L’Apac è formalmente un’associazione della società civile senza scopo di lucro che ha come obiettivo l’umanizzazione della pena privativa della libertà, e si pone come alternativa al carcere. La metodologia utilizzata, nata 40 anni fa per opera di un volontario della pastorale carceraria a San Paolo, Ottoboni, oggi è riconosciuta dalla legge brasiliana e praticata dai tribunali di 17 Stati. Il suo metodo si fonda sul fatto che il condannato riconosce di aver commesso un errore e decide di cambiare vita, scontando la pena all’interno delle Apac. Queste sono strutturate con l’obiettivo della risocializzazione effettiva dei condannati: non ci sono né guardie né agenti penitenziari, i “recuperandi”, come vengono chiamati, hanno le chiavi della prigione. I nostri operatori che lavorano dentro queste carceri si domandano se veramente rischiano la vita entrando nelle Apac, dove i detenuti – che hanno commesso reati simili a quelli del carcere di Manaus – possono muoversi, partecipano ad attività di formazione al lavoro, o a laboratori diversi, e sono incaricati essi stessi di curare i luoghi in cui vivono. La risposta sta nei fatti, nella vita che si svolge nelle Apac.

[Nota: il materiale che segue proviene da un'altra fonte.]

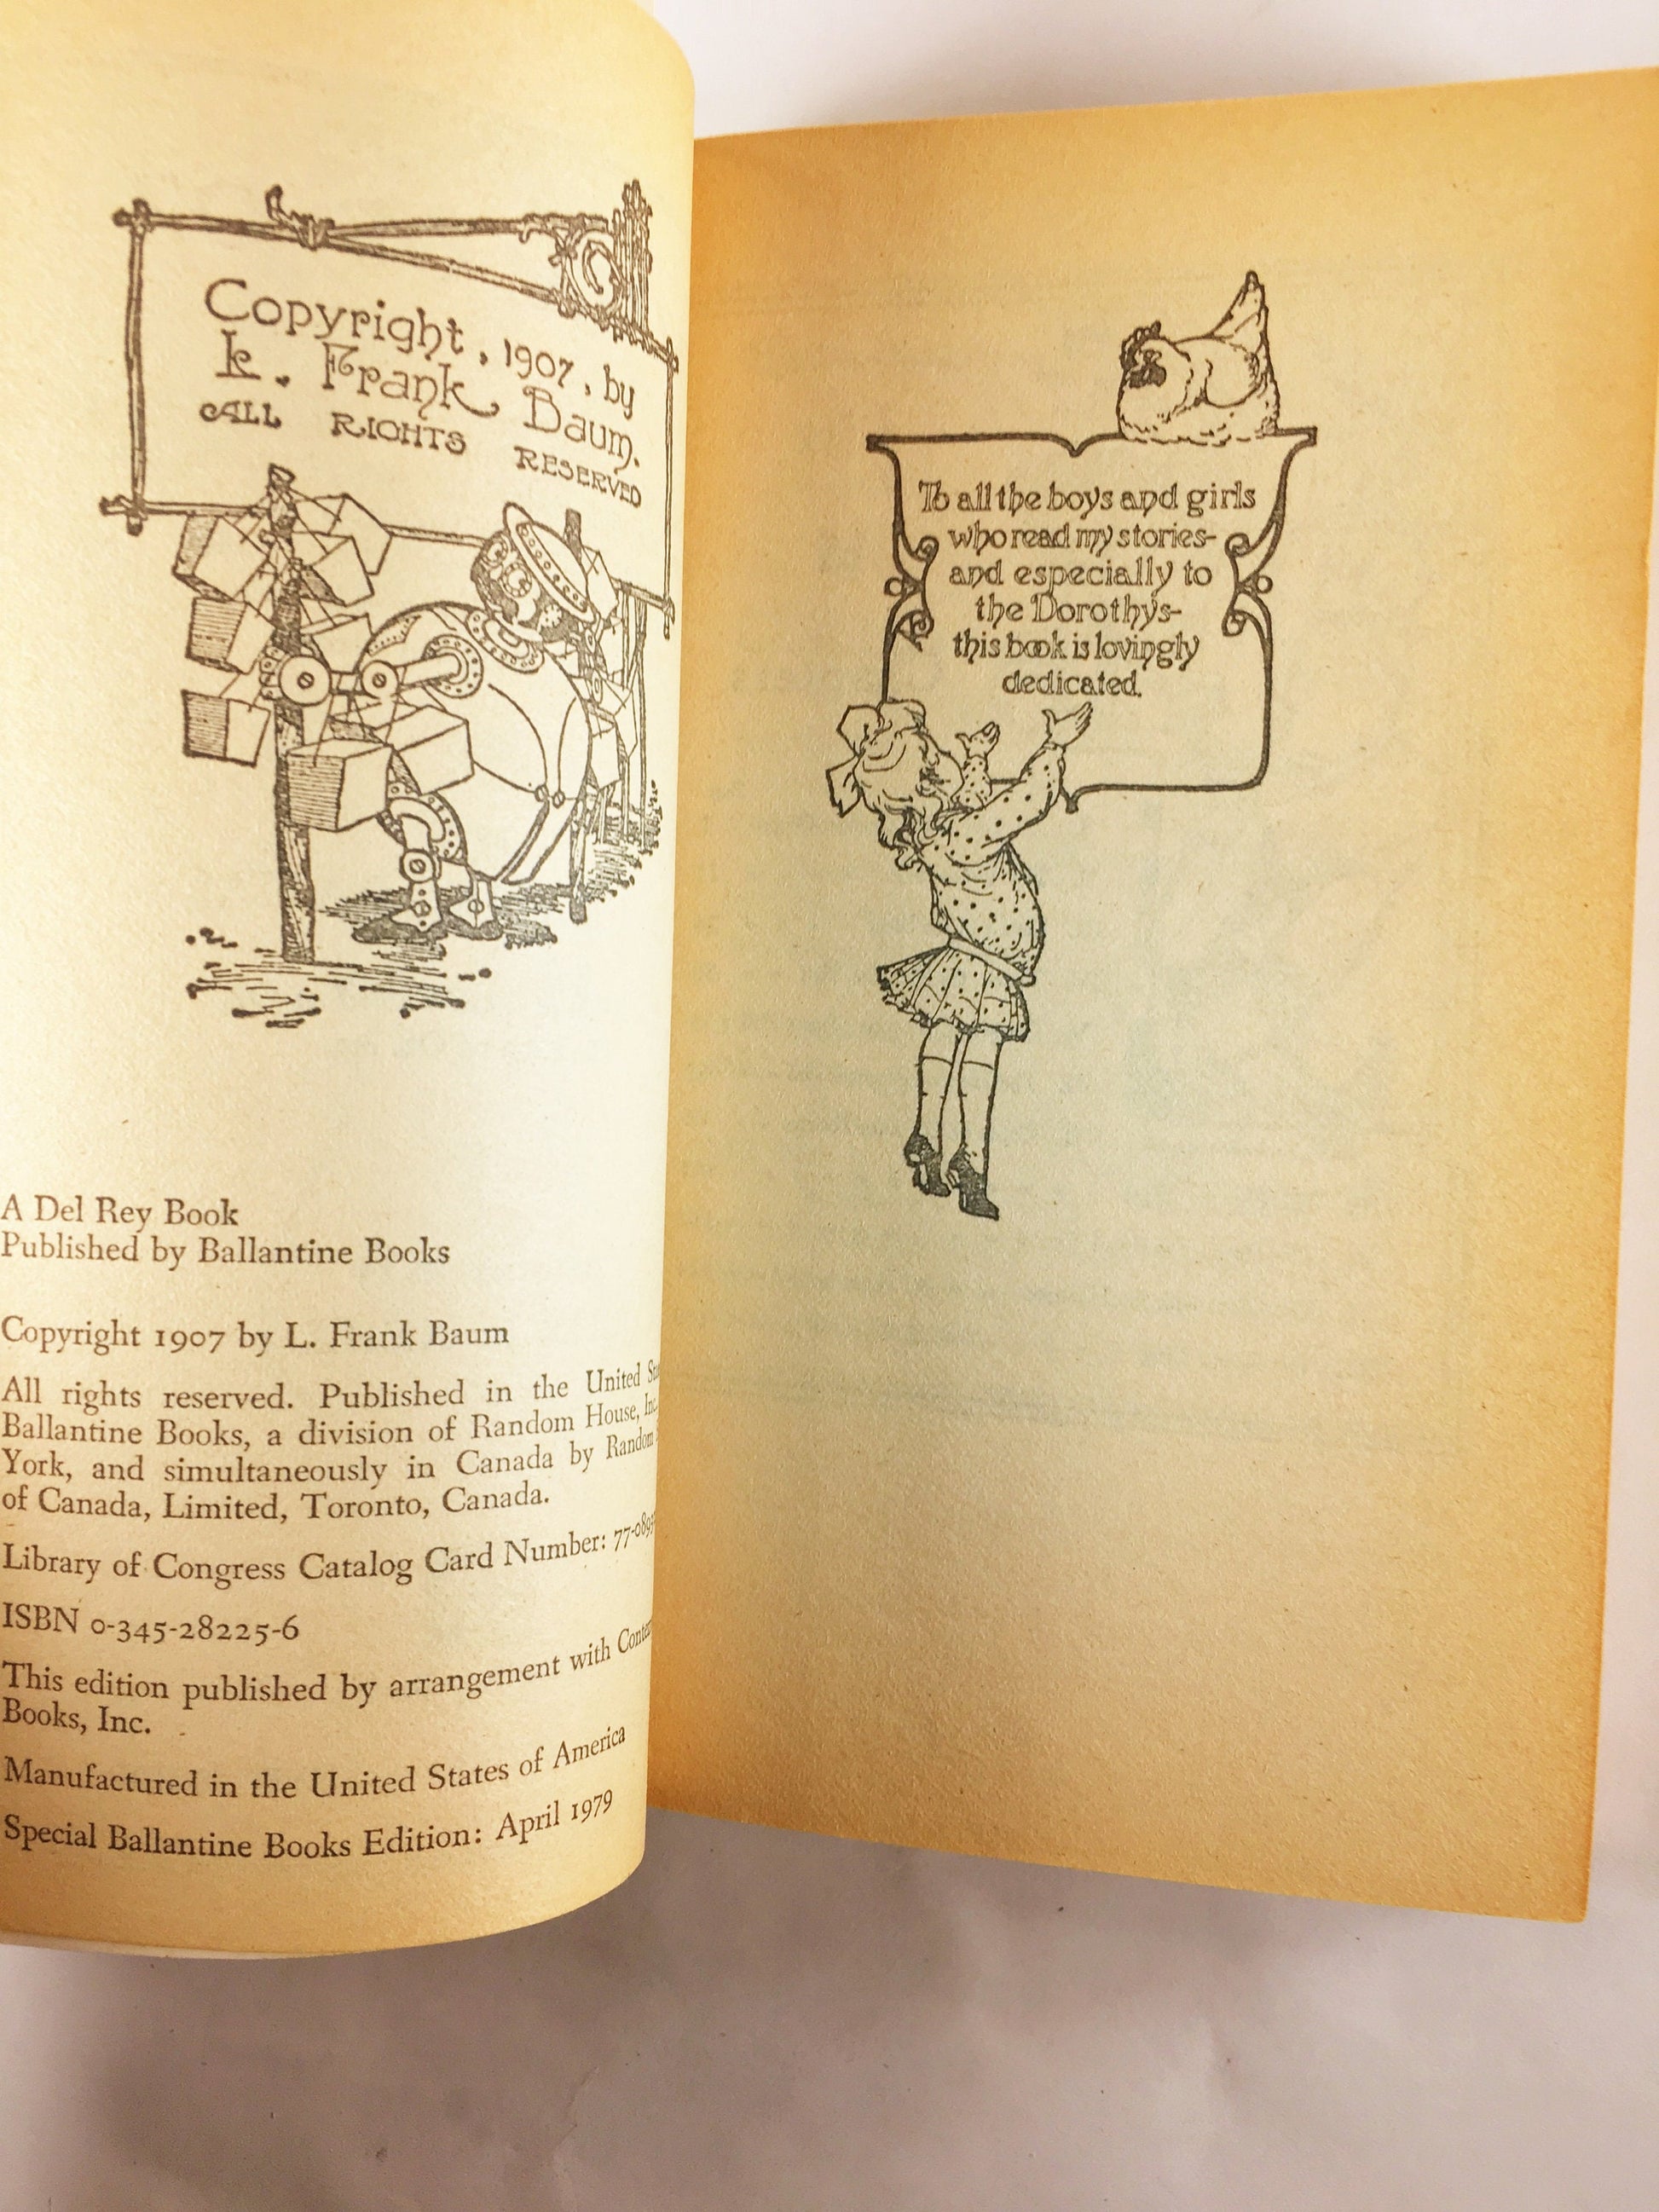 1979 Wizard of Oz vintage paperback book by L Frank Baum Tik-Tok Ozma and Wizard of Oz circa 1979. Teen tween home school reading

Dal 2009 grazie anche ad alcuni finanziamenti dell’Unione Europea, questo modello è stato oggetto di una scommessa ulteriore, e si va replicando in diversi Stati del Brasile e anche fuori dai confini. Non per idealismo, neppure per utopia. Perché funziona, le persone che scontano qui la pena non sbranano la loro umanità, escono che sono ancora capaci di relazioni buone. E queste carceri convengono a tutti: il costo di costruzione di un posto/persona è un terzo del costo del carcere comune, e quello di mantenimento è dimezzato. Sul muro di un’Apac qualcuno ha inciso la frase: «L’uomo non è il suo errore». Questa la consapevolezza di detenuti e volontari che rende possibili luoghi simili. L’errore non è l’ultima parola, se si costruiscono luoghi nei quali la persona può riscoprire che la ripartenza è sempre possibile.